Face aux accusations, l’entourage de Tariq Ramadan s’est organisé. Son épouse, Iman, lui a publiquement apporté son soutien à travers deux vidéos. Dans un communiqué adressé mardi aux médias, l’un de ses frères, Aymen, neurochirurgien à Genève, s’exprime pour la première fois. «Tariq Ramadan nie catégoriquement toutes les accusations portées contre lui et s’est présenté de lui-même pour prouver son innocence et n’a jamais eu l’intention de fuir ni d’exercer de quelconques menaces à l’encontre de ses accusatrices.» Le Genevois insiste surtout sur ses «conditions carcérales inadmissibles» et son état de santé. Son suivi médical n’est pas adapté, assure-t-il: «Entré en prison debout, Tariq Ramadan a aujourd’hui perdu partiellement l’usage de ses membres inférieurs et de son bras droit. Il souffre de maux de tête insupportables.»
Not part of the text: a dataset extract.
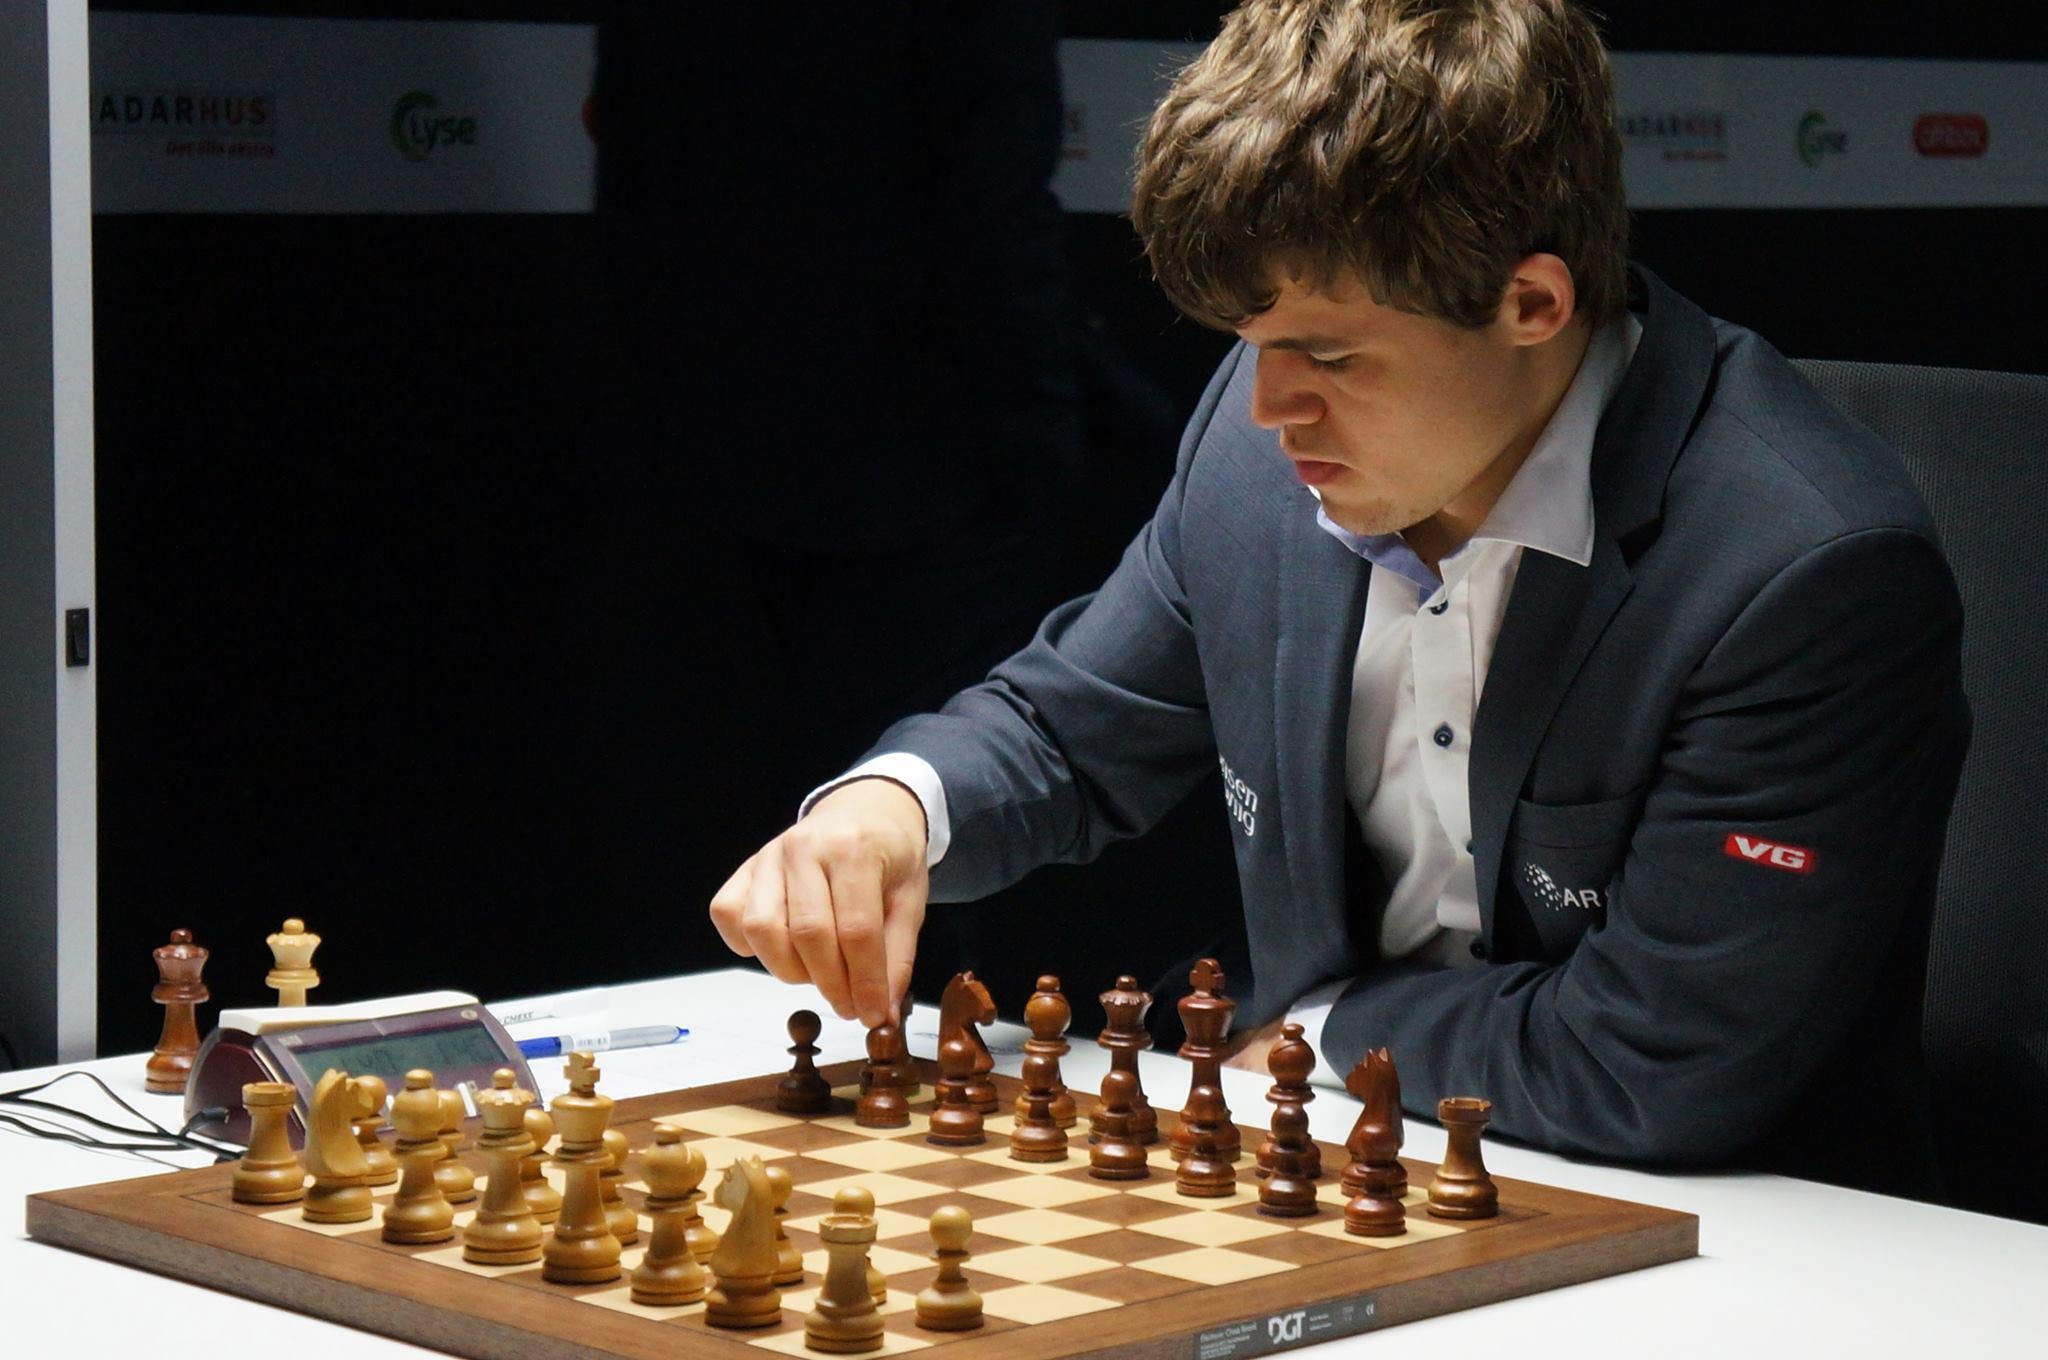 Torneo Norway Chess de ajedrez: Carlsen sufre su mayor fracaso

Les mêmes inquiétudes et critiques sont relayées depuis plusieurs semaines par le Comité de défense de Tariq Ramadan, qui dénonce un «procès par les médias», une «parodie de justice» et affirme que les plaignantes n’ont «aucun élément de preuve».

Une pétition en ligne demandant sa libération a été signée par 137 000 personnes, jusqu’à présent, et un appel aux dons pour financer sa défense a atteint 107 000 euros. S.R.